In order to select the appropriate methodology for optical imagery used for the LWE production, we have implemented an inter-comparison process with VHR data using the Pleiades constellation⁷³. The comparison requested pair of HR and VHR images acquired within a very short time. The data have to cover the targeted lake as a whole, and the surrounding areas. In most of the cases of the CCI lakes that are large lakes, this is not possible. Moreover, the VHR data are not freely available and therefore the approach can be a costly.

We have acquired two pairs of Pléiades HR data, 70 cm of spatial resolution, a panchromatic channel and 4 visible ones from blue to near infrared channels, on the 30^th of December 2019, with a delay of one day with Sentinel-2 and on the 6^th of January 2020, which is the same date as the Sentinel-2 acquisition used to determine the contour of lakes.
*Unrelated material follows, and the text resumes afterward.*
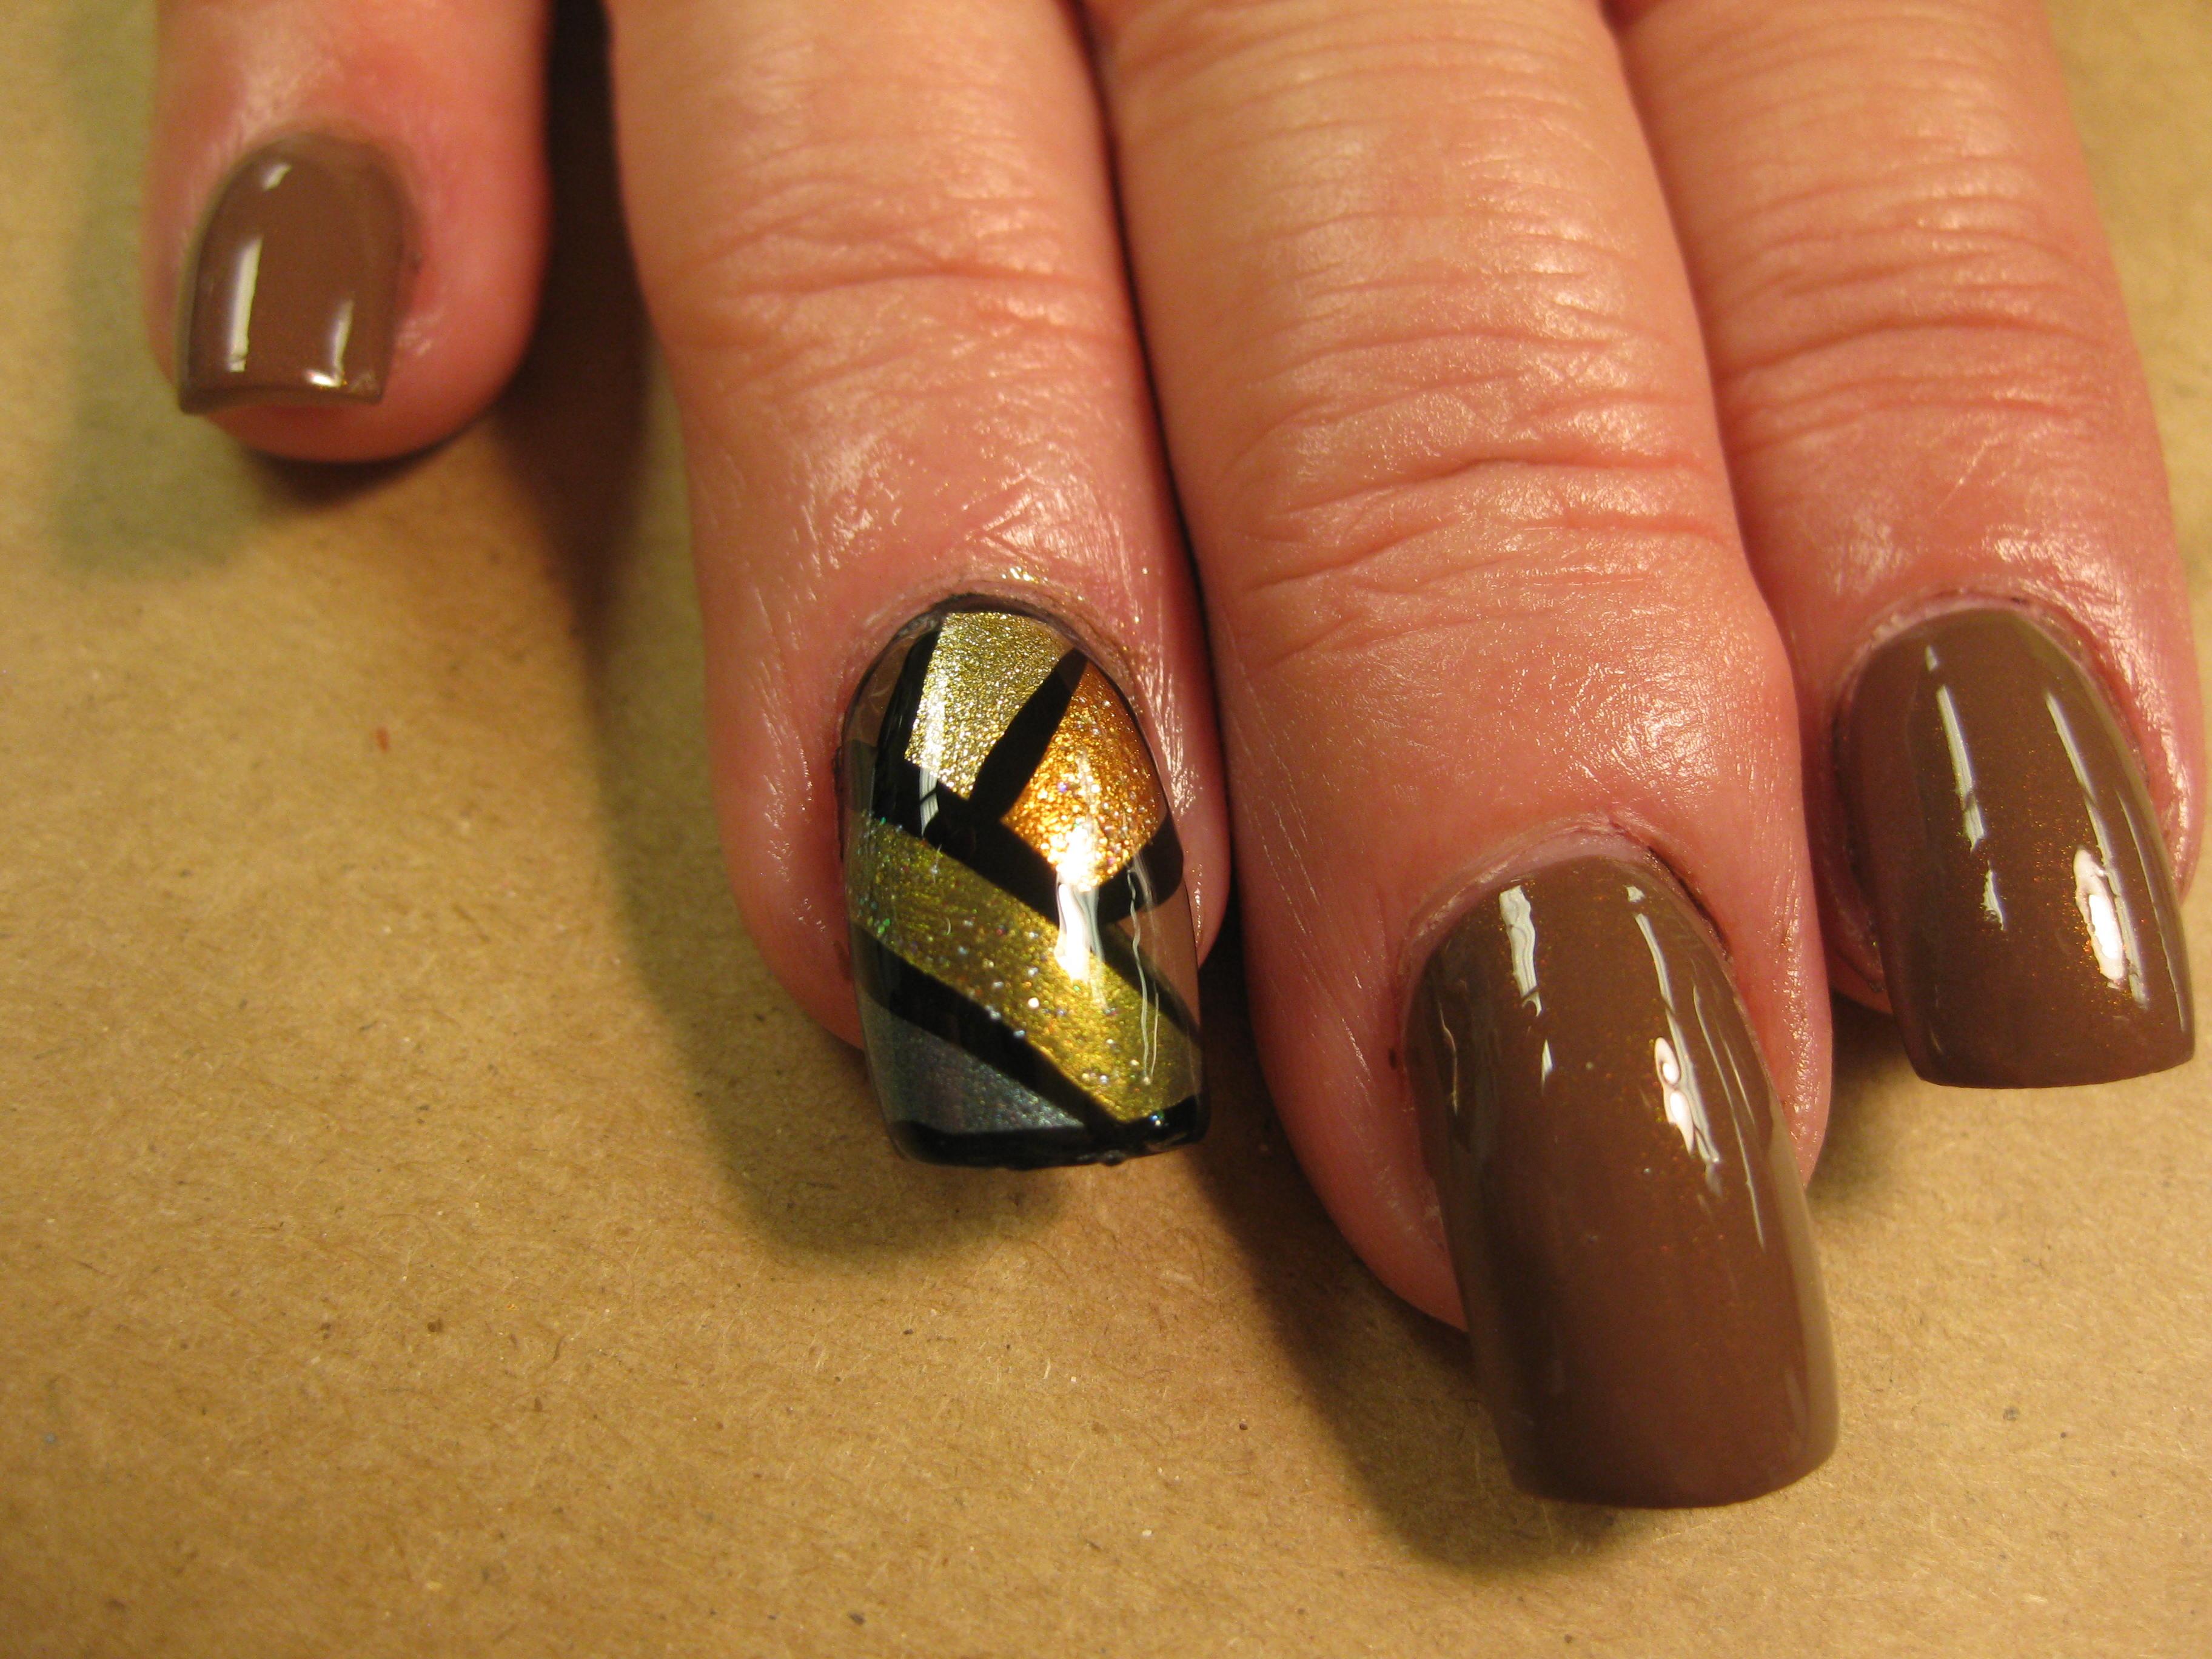 Fingers N Faces Nail Spa & Hair Salon 213 S Villa Ave, Villa Park ...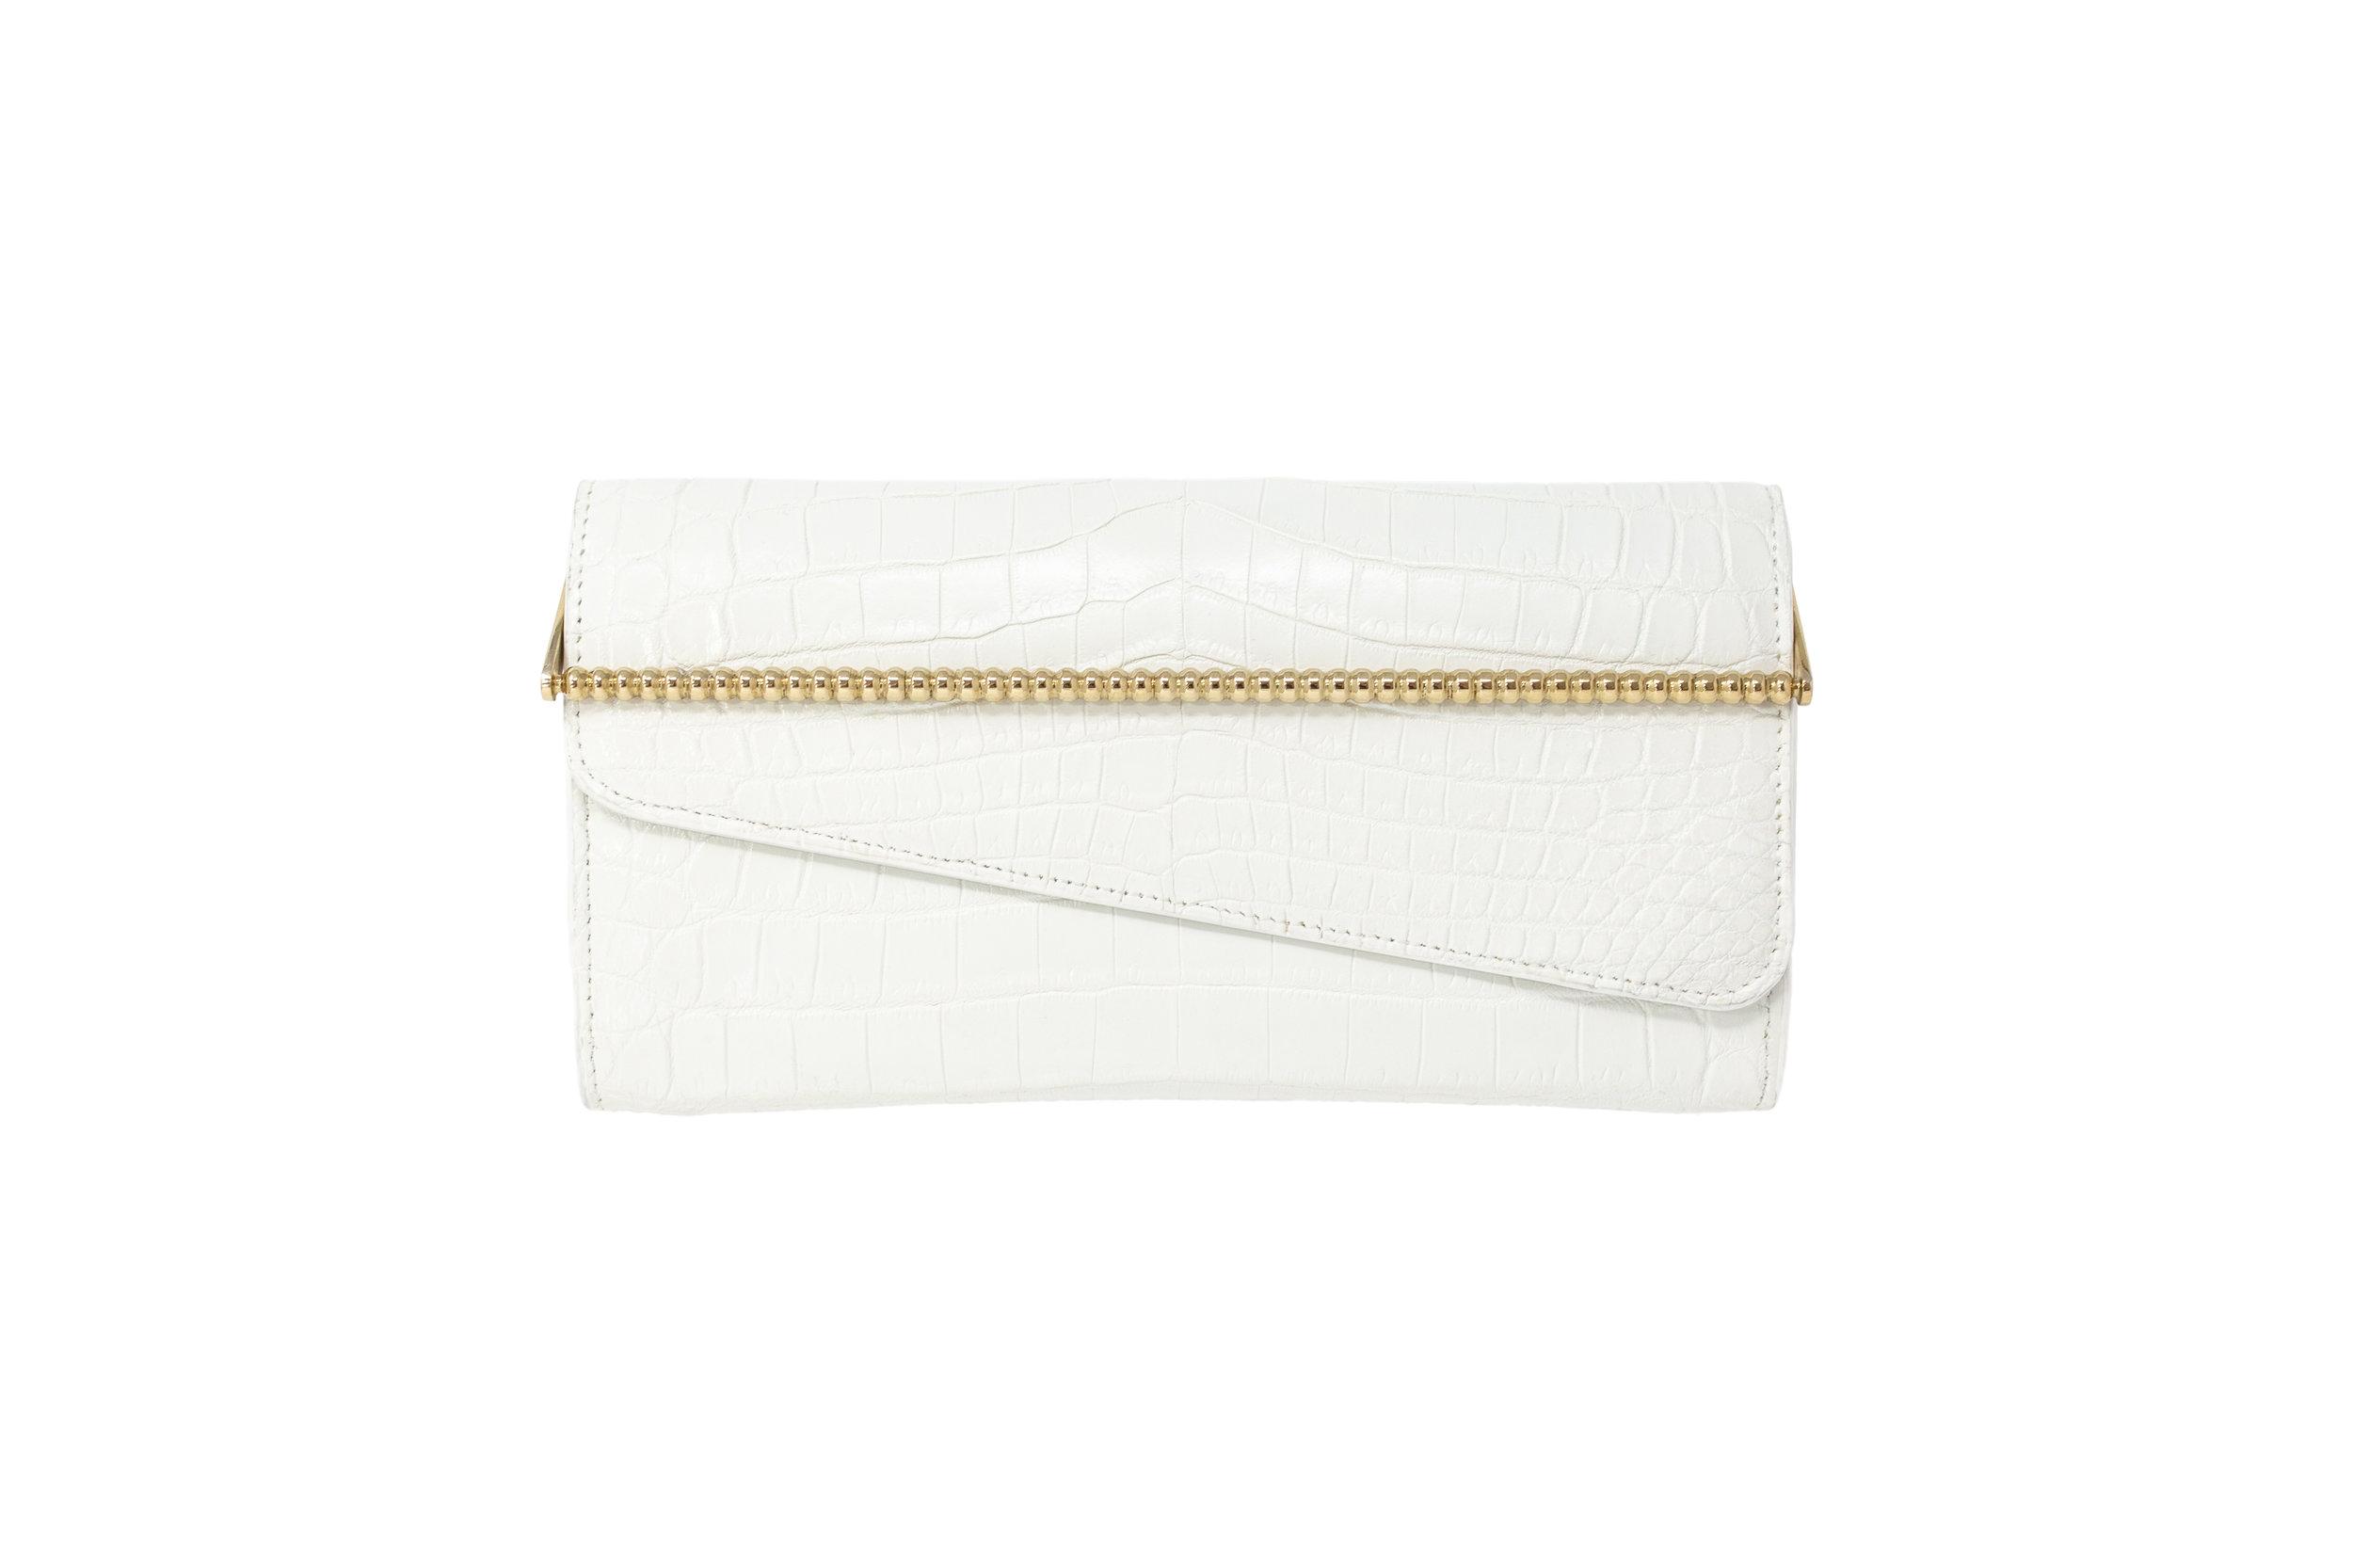 Calie Parese Luxury Crocodile Womens Wallet White

Lake de Der and lac d’Orient in East of France were chosen for this comparison. Lake du Der, medium size and dynamic reservoir located within an overlapping part of Sentinel-2 tracks, allowing up to 14 acquisitions by month, was an ideal case to compare the LWE derived from HR Sentinel MSI at 10 m, and the VHR Pleaides imagery at 0.7 m resolution.

When comparing the LWE derived with Pléiades and Sentinel-2 data acquired within 24 hours, the difference in term of surface were very low, i.e. 29.07 km² for Sentinel-2, and 30.58 km² for Pleiades. 95% of Pléiades Water was recognized by Sentinel-2. There is a very low level of commission of 0.05 km².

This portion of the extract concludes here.